Passive investing in real estate syndications is much less hands-on than your typical residential real estate rental property, in fact, you’ll probably never see the property in person and won’t be involved in any day-to-day decisions.
You don’t have to be in contact with the broker, monitor the property manager, or receive and decipher between contractors’ bids. Instead, you get a few emails, sign a legal doc or two, and carry on with your life while the checks show up. As a passive investor, you’re a passenger on a plane ride. So, sit back and have a cocktail.
#3 You’re Looking for a Long-Term Investment
Maybe you’ve done your research and know not to look for some get-rich-quick scheme, but rather, are interested in a steady long-term approach to wealth. Unlike stocks or something you can flip in the two-year range, real estate syndications typically have a hold period for three or more years.
If you’re more of a set it and forget it type investor, and can plan for your investment capital to be unavailable for long periods of time, passively investing in real estate syndications may be your new obsession.
#4 Sharing Returns In Exchange for Less Work is Attractive to You
Fix-and-flips and standard rental property approaches to investing allow 100% of the profits in your pocket. Mostly because they are smaller deals, require plenty of sweat-equity, and often have only one party (you) financing and managing the deal.

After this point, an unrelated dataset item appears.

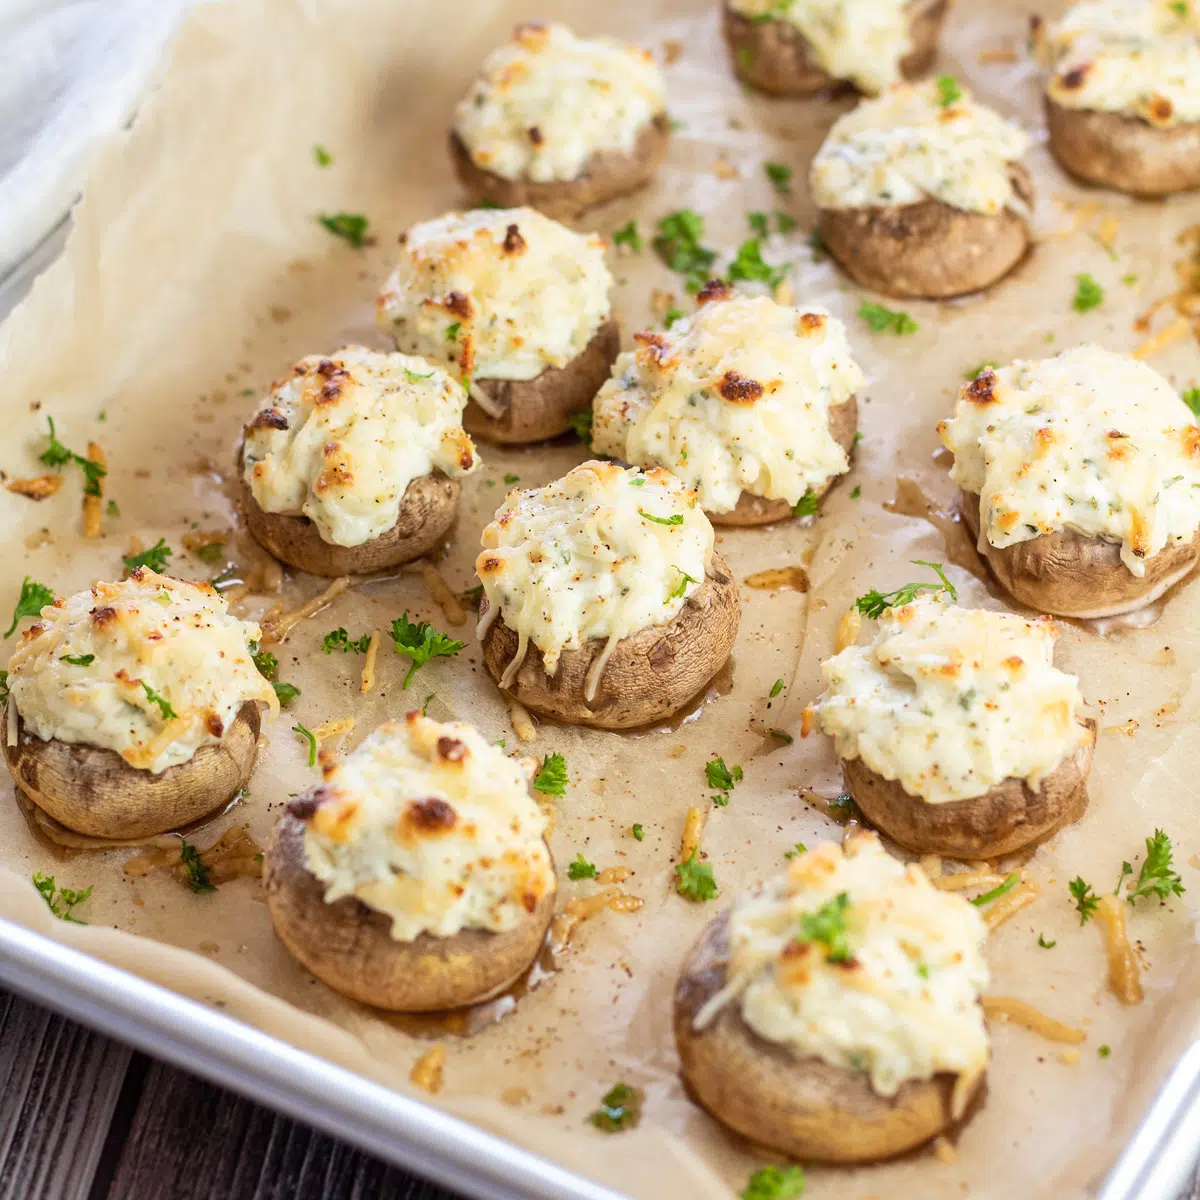 Best cream cheese stuffed mushrooms recipe shown after baking until toasted and tender.

Multifamily real estate syndications are completely different as there could be hundreds of individuals involved, thus some profit sharing. Usually, the passive investors get the larger portion of a 70/30 or 80/20 split, with the general partners getting the smaller percentage.
Group investments like this take a “team” or collaboration mentality versus a competitive mindset. The general partners are actively managing the property, making decisions toward renovations, and handling marketing and financial reporting. So, it only makes sense that they are rewarded for their efforts. If profit sharing and the concept of “a rising tide lifts all boats” makes sense to you, you’re in the right place.

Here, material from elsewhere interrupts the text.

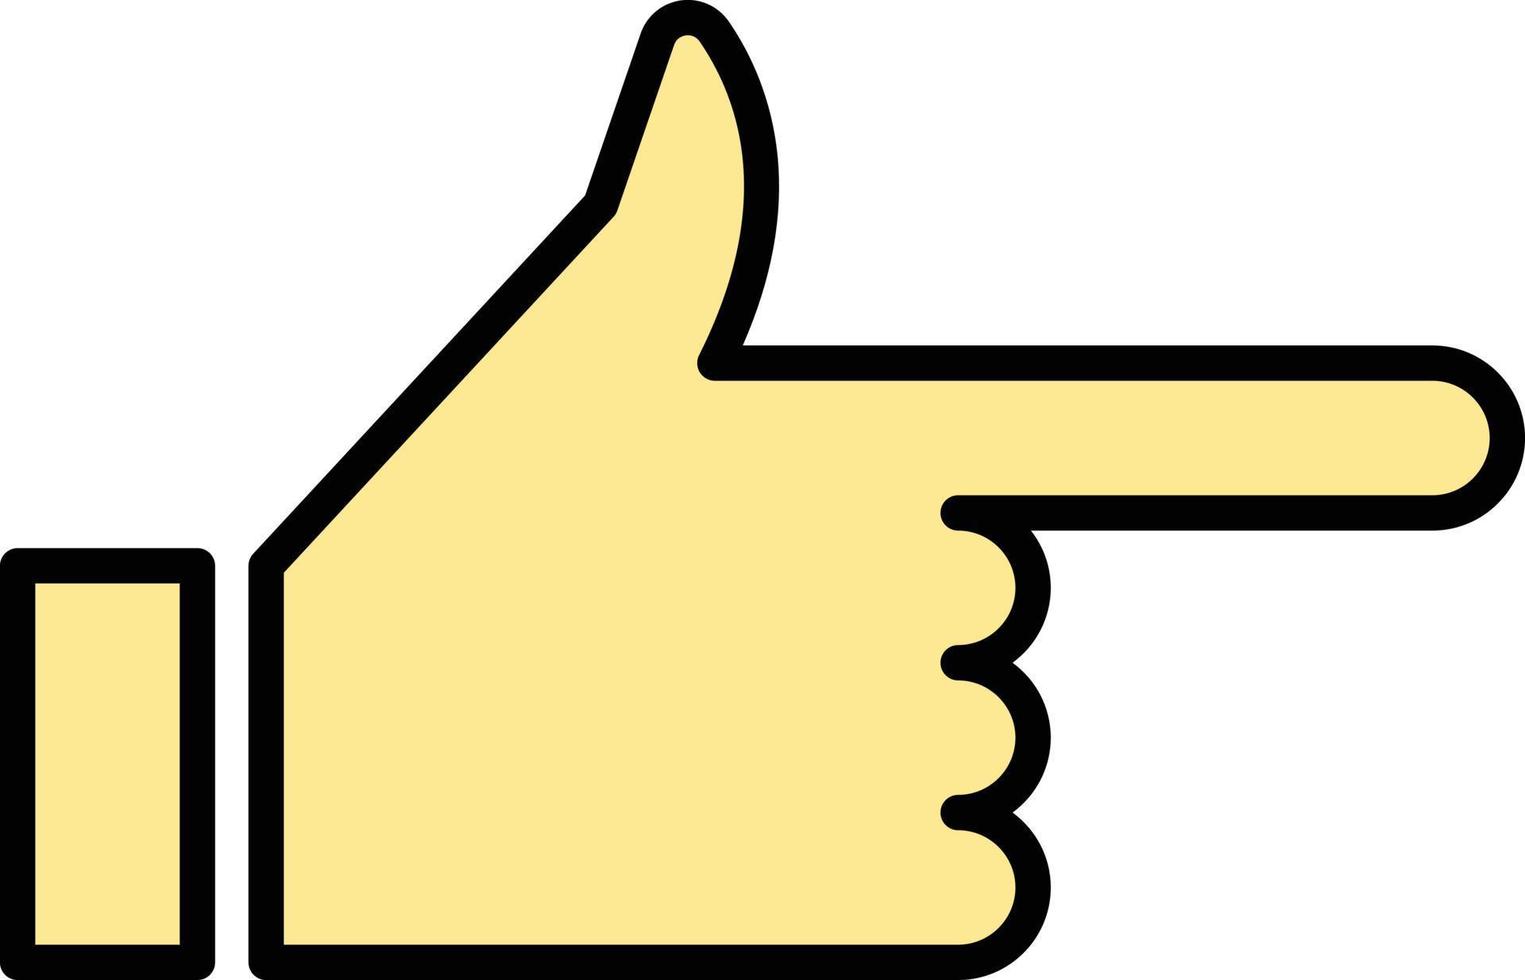 Index finger pointing flat vector icon. Pointer finger simple icon

#5 You Don’t Need the Money for a While
It’s possible you’re in a season of life where your kids’ vehicle purchases or college decisions are either several years in front of or behind you, that you’re in a home that doesn’t need a massive kitchen renovation, or just that you have spent some time planning well, establishing savings accounts, and minding your expenses.

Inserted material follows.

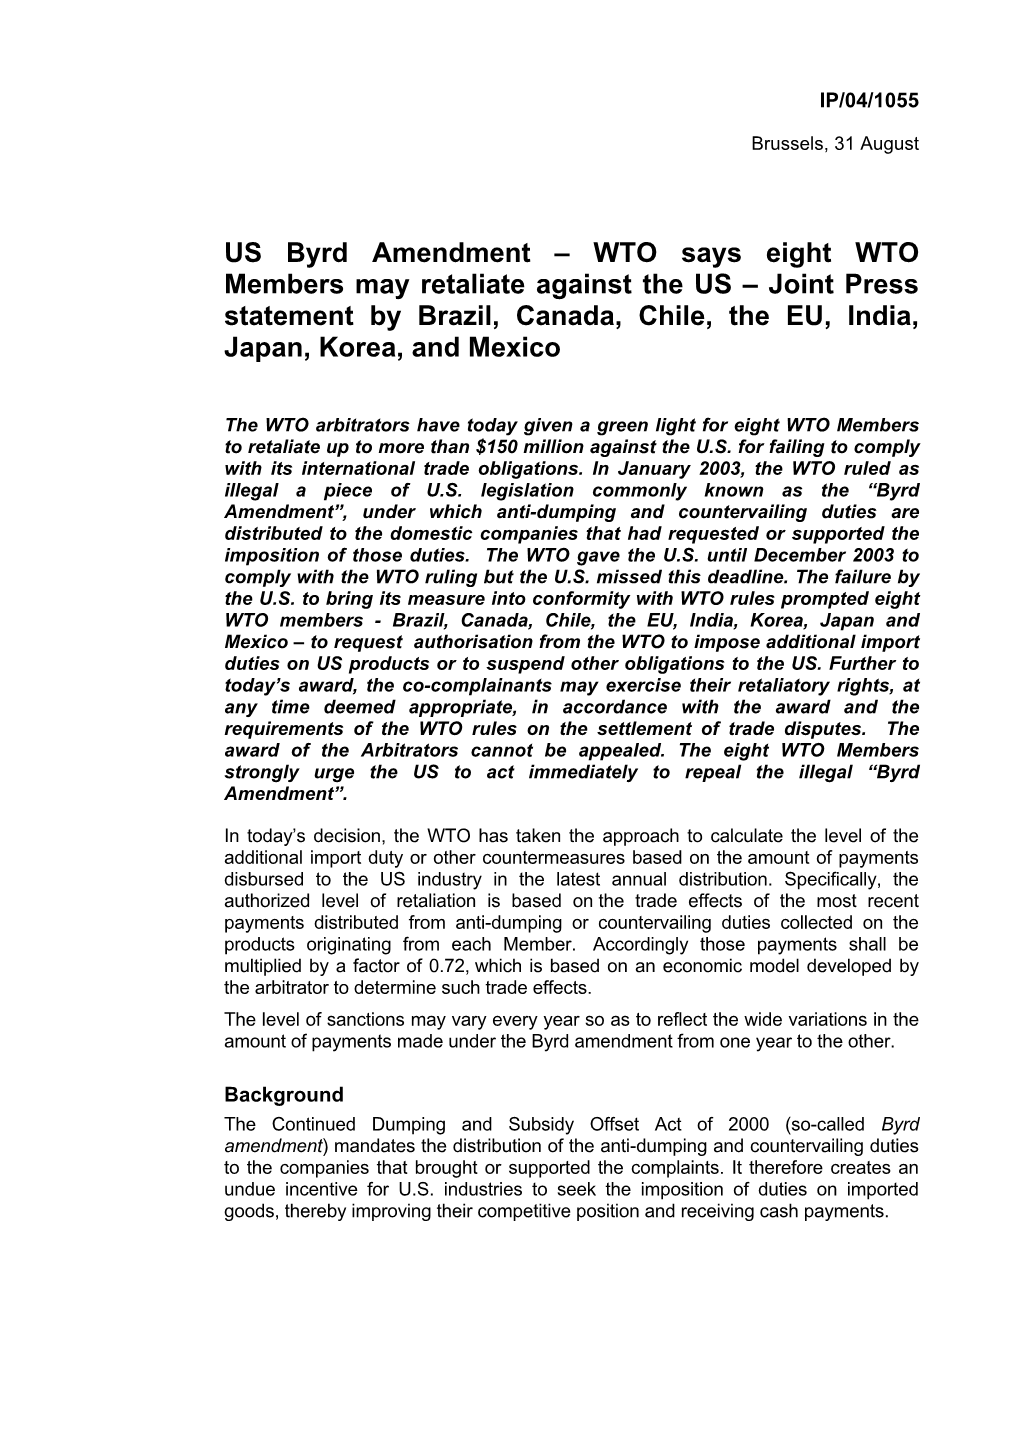 US Byrd Amendment – WTO Says Eight WTO Members May Retaliate Against the US – Joint Press Statement by Brazil, Canada, Chile, the EU, India, Japan, Korea, and Mexico

If this is the case, you also likely met the criteria in #1, and you are going to be okay having your money “locked-up” for a bit. You’ve worked hard to save, budget, and build a little nest egg, and you’re just looking for somewhere to park it for a few years with the possibility of earning some interest.
Not needing your savings for the foreseeable future is a fantastic feeling, and if this describes you well, investing passively in a real estate syndication might pique your interest even more after realizing how well-positioned you are for this type of investment opportunity.
Recap
You’ll love being able to invest your money in real estate without the hassles of being a landlord all while having the chance to invest with different sponsors in different markets and different asset classes. Plus, the tax benefits (and sometimes even the returns) from passive investing can surpass those from personal rental properties.
But, being a passive investor isn’t for everyone. So, if you…
- Have $50k ready to invest
- Are okay NOT having an active role
- Are looking for a longer-term investment
- Find collaboration and sharing returns attractive
- Want to park your cash for 3+ years
…then investing passively in real estate syndications might be the best fit for you.
The beauty of real estate investing is that it’s so incredibly diverse. Perhaps some of the above doesn’t’ describe you and you want to roll up your sleeves and do the work yourself first to learn the ropes. Or perhaps you’re looking for a more liquid or a shorter-term investment. That’s okay.
There are so many opportunities out there to invest in great projects and impact local communities. Commercial real estate syndications are just one avenue, but if you meet a few of the criteria above, you might have found your match.